Not wanting to be that guy, I set out in 2023 to find an alternative. That quest started with hiring a personal coach to help me work through my job options. At that point, it had been over 20 years since I needed a resume and the rules for finding a job had dramatically changed. I also attended an annual conference called Small Giants. The theme of that conference stemmed from the work of Bo Burlingham and his book by the same name. At that event, I met business leaders from around the globe that were not only running successful businesses, but more importantly, they were deriving purposeful business results. It was in those rainy few days in Detroit last May that I also discovered the Entrepreneurial Operating System called EOS. My fate was sealed, with the help of my coach defining my ideal career path and the knowledge that some companies truly script their purpose and pathway to success, I was on a mission to find and join that type of company. At 58-years-old, I was not ready to "sunset" my career. I was always a growth-oriented entrepreneur, and I wanted another shot to grow a company.

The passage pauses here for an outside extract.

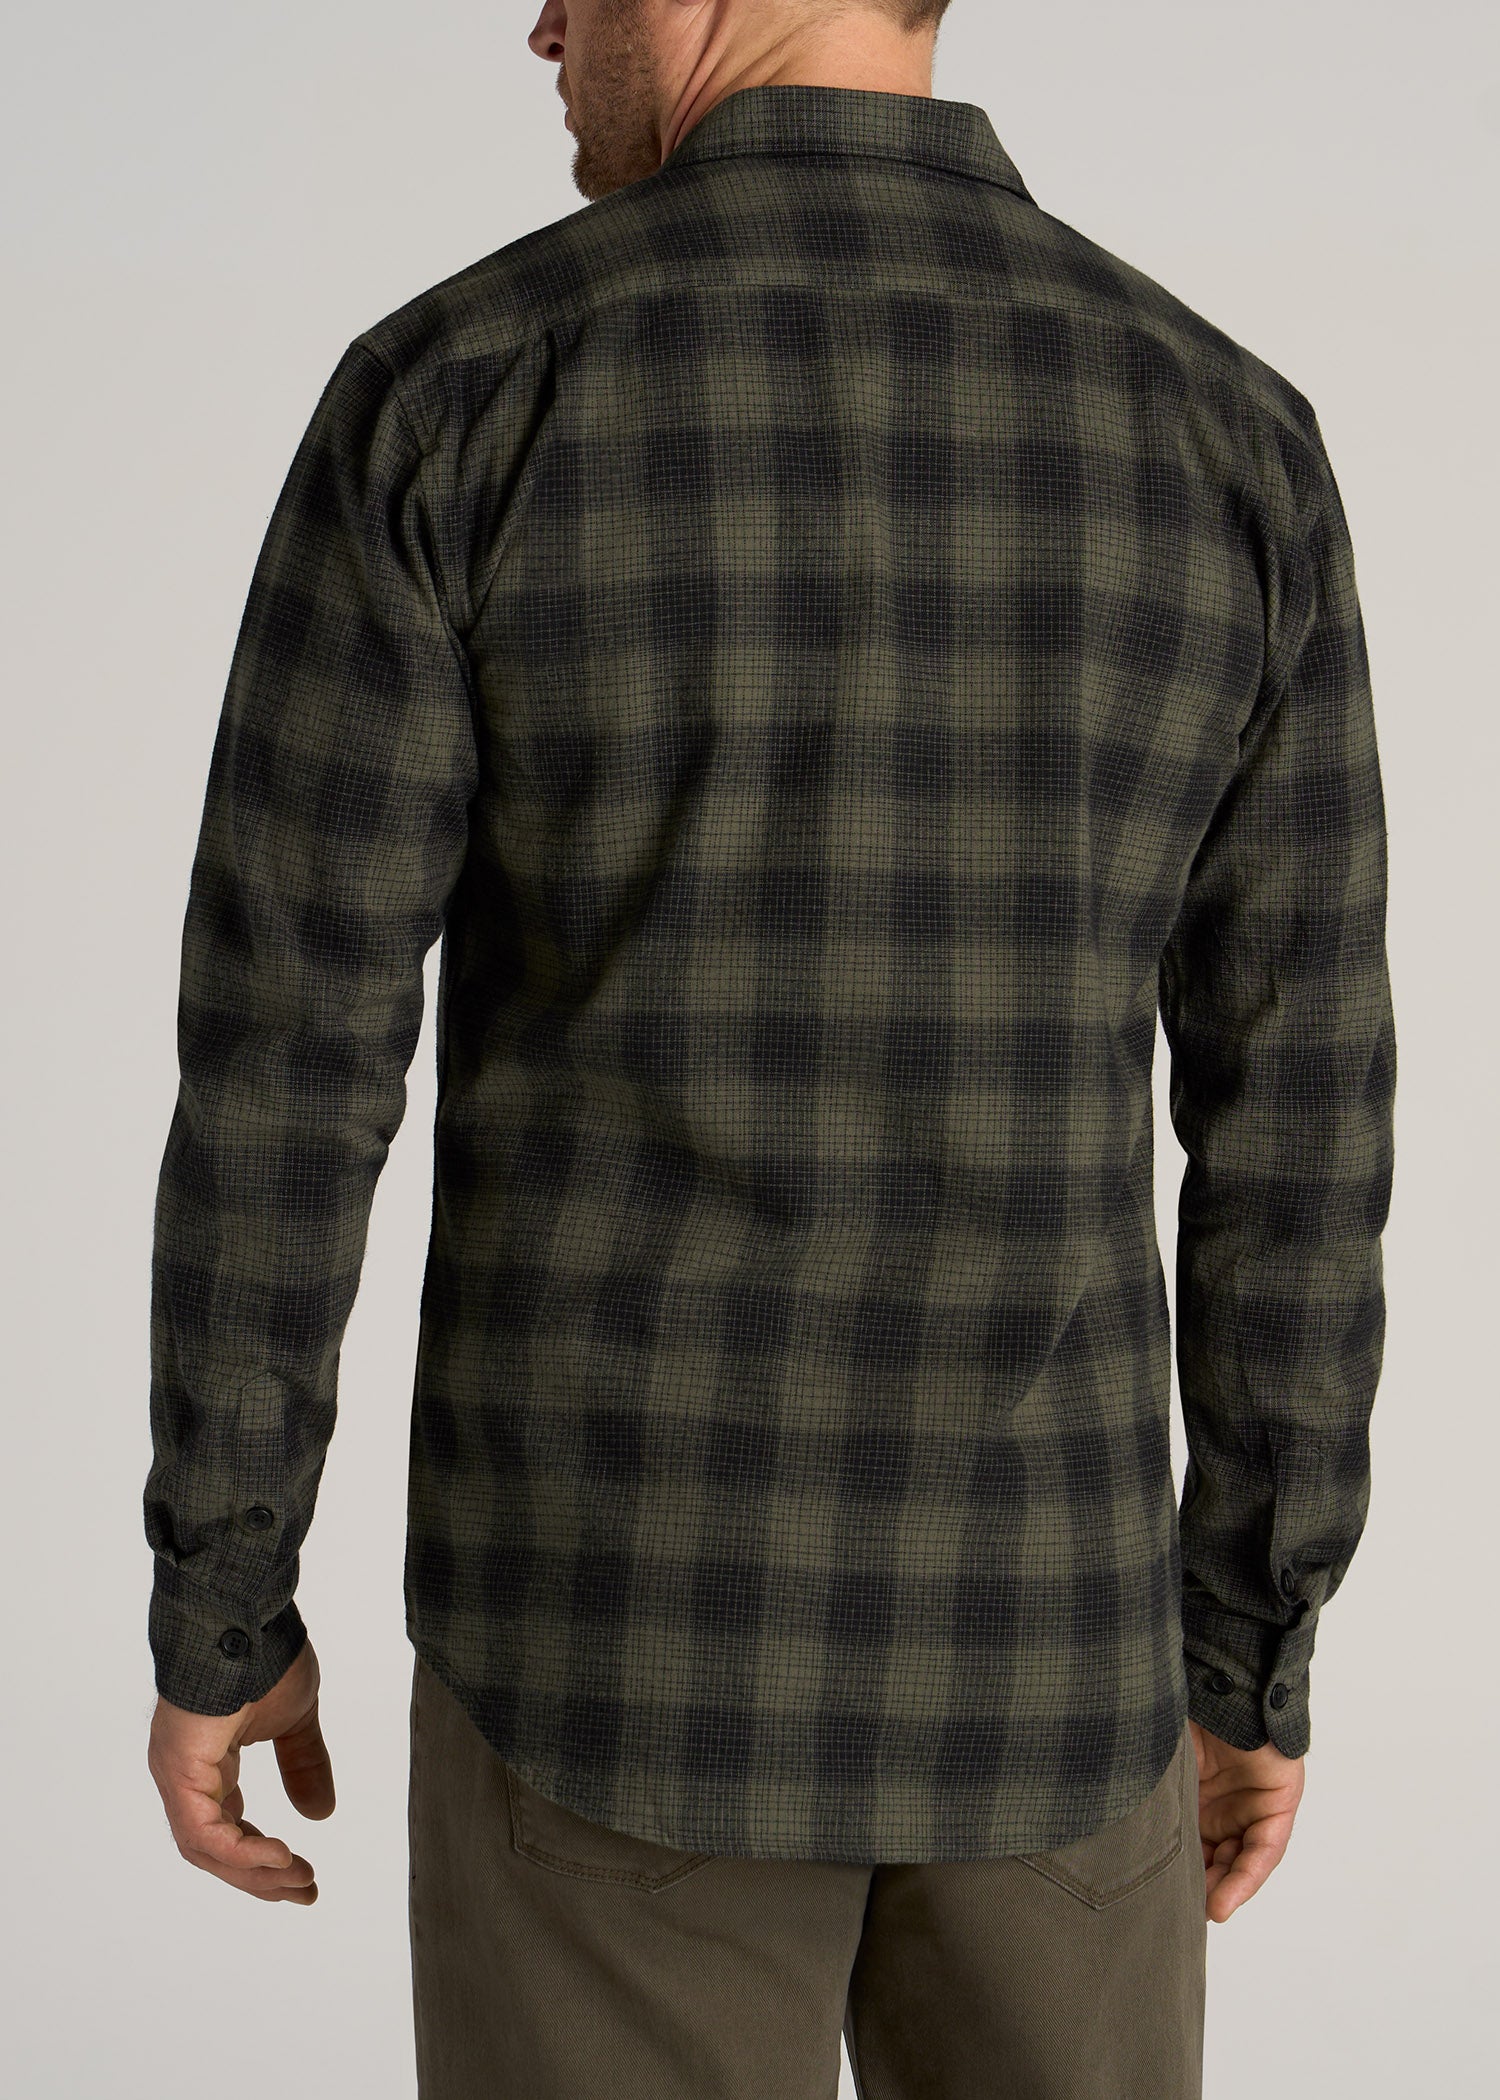 LJ&S Men's Tall Heavy Flannel Shirt in Army Plaid-Black & Surplus Green

That shot came with America's Best Restaurants. I could not possibly tell their story better than ABR's founder and visionary, Matt Plapp. Tomorrow, I embark on my next business adventure and the writing of the next chapter in my life. With any luck, this new position will give me the inspiration to finish the book I started last year on how to grow businesses.
I am walking away from a comfortable position to a new opportunity. I am taking 45 years of restaurant and financial management experience and “laying it on the line.” I make those career move out of pure excitement and not fear. Fear, I learned when I got sober 16 years ago, is a wasted emotion and unchecked, caused me to make bad decisions. I move forward to this new chapter in my career with confidence that this is the right place and right time to help others. My primary goal, when I wrote , Restaurant Management, the Myth, the Magic, the Math, was to help restaurant professional become successful. At Nova Restaurant Group, I got to practice on ten restaurants and over 800 tremendous team members. At America's Best Restaurants, I will be able to expand those lists to thousands of restaurants and millions of people.
Thank you, readers, for following and supporting me on my journey of discovery. Having an audience for my weekly writing means more to me than you will ever know. Your sharing my work and comments are greatly appreciated.
What an incrdible journey and inspiring one.
Can't wait what coming from you.
Congrats on the move Bruce.
It was so clear when I heard you speak to Derek about menu engineering how talented you are and the unique, team style, practical approaches you bring to restaurants.
Can’t wait to see how you impact this lucky organization!